Ilga Urtāne, RSU, Department of Orthodontics, Latvia
Katrīna Gardovska, RSU, Department of Orthodontics, Latvia
Zane Krišjāne, RSU, Department of Orthodontics, Latvia
Gaida Krūmiņa, RSU, Department of Radiology, Latvia

Abstract

Temporomandibular joint (TMJ) osseous structures disorders (OSD) were evaluated in cone beam computer tomography images of 117 consecutive patients with Class II and Class III dentofacial deformities according to research diagnostic criteria related to the maxillary-mandibular plane (MM) angle. The distribution of the number and percentage of affected joints with the OSD signs in Class II was markedly different in groups divided according to the MM angle. Statistically significant increase was found in the percentage of joints affected with the OSD separately for each side, i.e., right (p = 0.001), left (p = 0.04) and both together (p = 0.0001), in Class II patient group, and an increased MM angle indicated backward rotation of the mandible. In Class III patients, there were no statistically significant differences in the number of joints affected by the OSD. The presence of the changes was asymmetrical between the left and right joints in both Class II and Class III patient groups.

In conclusion, the OSD signs are more common in patients with Class II skeletal dentofacial deformities with backward rotation of the mandible.

Introduction

An important factor that should be considered when planning treatment for dentofacial deformities is existing relapses caused by destruction of the osseous tissue of the TMJ. Destruction of the osseous tissue into the joint is frequently associated with inflammatory or degenerative changes that can result in mandibular morphological and functional changes (Dworkin, 1992).

Although the TMJ is anatomically characterised as load-receiving, its structure can change through excessive or unbalanced functional loading to produce TMJ dysfunctional remodelling, which in the majority of cases passes asymptomatically and affects the function of the joint and occlusal stability, i.e., the volume of the osseous tissue changes, and the length of the mandibular condylar head and mandibular ramus decreases. Reduced mandibular growth in children and adolescents in addition to progressive mandibular backward rotation in adults can develop in such cases (Arnett, 1996).

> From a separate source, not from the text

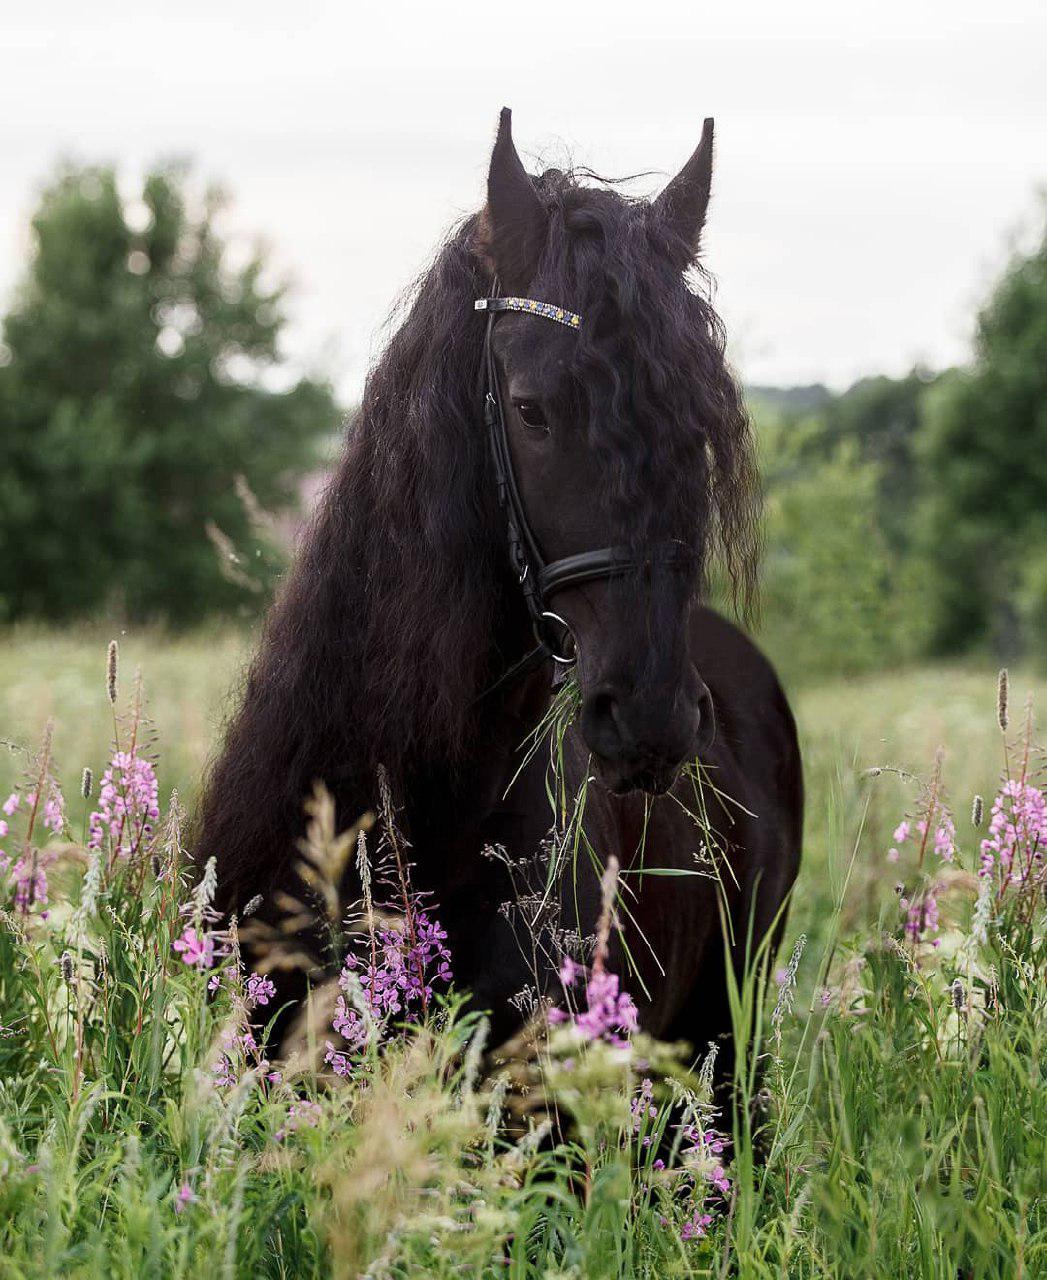 black horse with curly hair smelling the flowers

Various controversial beliefs exist regarding changes of the TMJ osseous structure depending on the type deformation and its manifestation determined using two-dimensional (2D) radiological investigation methods (Kurita, 2000; Honda, 2001; Katsavrias, 2005, 2006; Hussain, 2008; Vitral, 2004, 2011).

In maxillofacial radiology, cone beam computed tomography (CBCT) provides a three-dimensional (3D) image and provides a more qualitative evaluation of the TMJ osseous tissue structure than conventional CT; it also offers the advantages of low radiation and the ability to be used in orthodontic practice (Lubele, 2009; Davies, 2012).

Evaluation of morphological features and quality of TMJ articulating surfaces in 3D CBCT reconstruction images allows precise judgements regarding osseous structure. Evaluation of these osseous changes using 3D CBCT is thus helpful for investigating in greater depth the morphology of the TMJ and for recognising the risk of occlusal stability.

Aim

The aim of the current study was to determine the relationship between the vertical rotation of the mandible and of the OSD of the TMJ in patients with dentofacial deformities Class II and Class III using CBCT images.

Material and Methods

The study included 117 orthognathic surgery patients with dentofacial deformities and without complaints related to the TMJ: 56 skeletal Angle Class II patients (42 patients in Class II/1 and 14 patients in Class II/2) and 61 skeletal Angle Class III patients before orthodontic treatment. The mean age of the patients was 20.58 ± 4.27 years, and the study groups included 55 or 47 % males and 62 or 53 % females, respectively. The exclusion criteria for the study were as follows: congenital dentofacial syndromes (including labial and/or palatal cleft), clinically visible skeletal facial asymmetry, rheumatoid or other types of arthritis, trauma in the maxillofacial area in the patient history, complaints regarding temporomandibular disorders, pain in the maxillofacial area, pronounced noise in the temporomandibular joint and previous orthodontic treatment with functional devices and/or fixed appliance.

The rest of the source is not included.